Defendant Day “who was and is a [sergeant] on the Vineland Police Dept. instructed John Doe arresting officer to issue a warrant for my arrest.” Id. at 10. Plaintiff asserts Defendant Day is liable as Defendant Doe’s supervisor. Id. Plaintiff’s claims against Defendants Doe and Day are barred by the statute of limitations. “Although the statute of limitations is an affirmative defense, a court may dismiss claims sua sponte if a time-bar is obvious from the face of the complaint and no further development of the record is necessary.” Demby v. Cnty. of Camden, No. 21-1433, 2021 WL 4957002, at *1 (3d Cir. Oct. 26, 2021) (citing Fed. R. Civ. P.

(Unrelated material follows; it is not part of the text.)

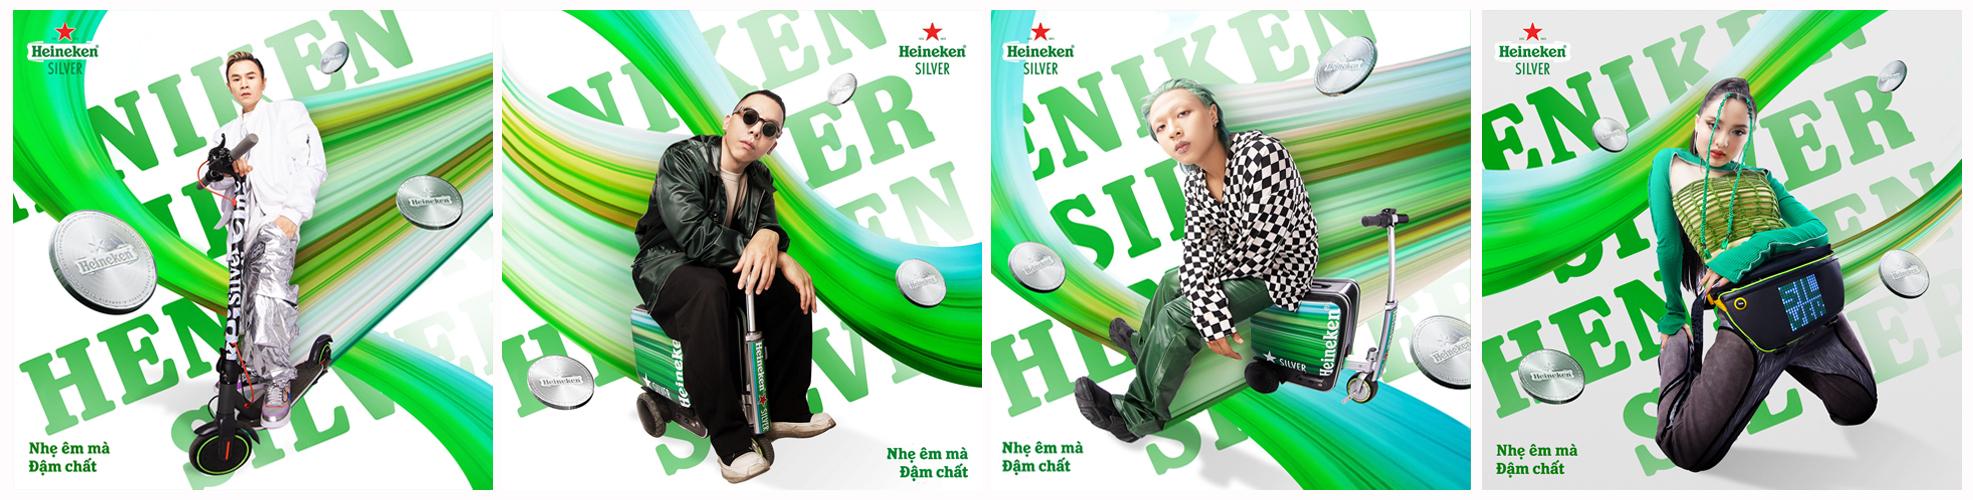 Hành trình người trẻ mở lối cuộc vui thời thượng cùng Heineken Silver - Ảnh 4.

8(c)), cert. denied, 212 L. Ed. 2d 38, 142 S. Ct. 1163, 2022 WL 516244 (2022). New Jersey’s two-year limitations period for personal injury governs Plaintiff’s complaint. Dique v. N.J. State Police, 603 F.3d 181, 185 (3d Cir. 2010); N.J.S.A. § 2A:14-2. However, the accrual date of a § 1983 action is determined by federal law. Wallace v. Kato, 549 U.S. 384, 388 (2007); Montanez v. Sec’y Pa. Dep’t of Corr., 773 F.3d 472, 480 (3d Cir. 2014). “A section 1983 cause of action accrues when the plaintiff knew or should have known of the injury upon which its action is based.” Sameric Corp. of Delaware v. City of Philadelphia, 142 F.3d 582, 599 (3d Cir. 1998). “The determination of the time at which a claim accrues is an objective inquiry; we ask not what the plaintiff actually knew

but what a reasonable person should have known.” Kach v. Hose, 589 F.3d 626, 634 (3d Cir. 2009). Plaintiff’s false arrest claims accrued on the date of his arrest, January 29, 2018. See Singleton v. DA Philadelphia, 411 F. App’x 470, 472 (3d Cir. 2011) (noting claim for false arrest accrues on date of arrest). Plaintiff’s malicious prosecution claim accrued when he was acquitted on August 3, 2019. See Heck v. Humphrey, 512 U.S. 477, 486 (1994) (“[A] cause of action for malicious prosecution does not accrue until the criminal proceedings have terminated in the plaintiff’s favor . . . .”). Accordingly, the statute of limitations for Plaintiff’s false

arrest claims expired on January 29, 2020, and his statute of limitations for malicious prosecution expired on August 3, 2021. Plaintiff did not file this complaint until February 10, 2022, well after the limitations period expired. “State law, unless inconsistent with federal law, also governs the concomitant issue of whether a limitations period should be tolled.” Dique v. N.J. State Police, 603 F.3d 181, 185 (3d Cir. 2010). “The law is clear that courts must be sparing in their use of equitable tolling.” Seitzinger v. Reading Hosp. & Med. Ctr., 165 F.3d 236, 239 (3d Cir. 1999).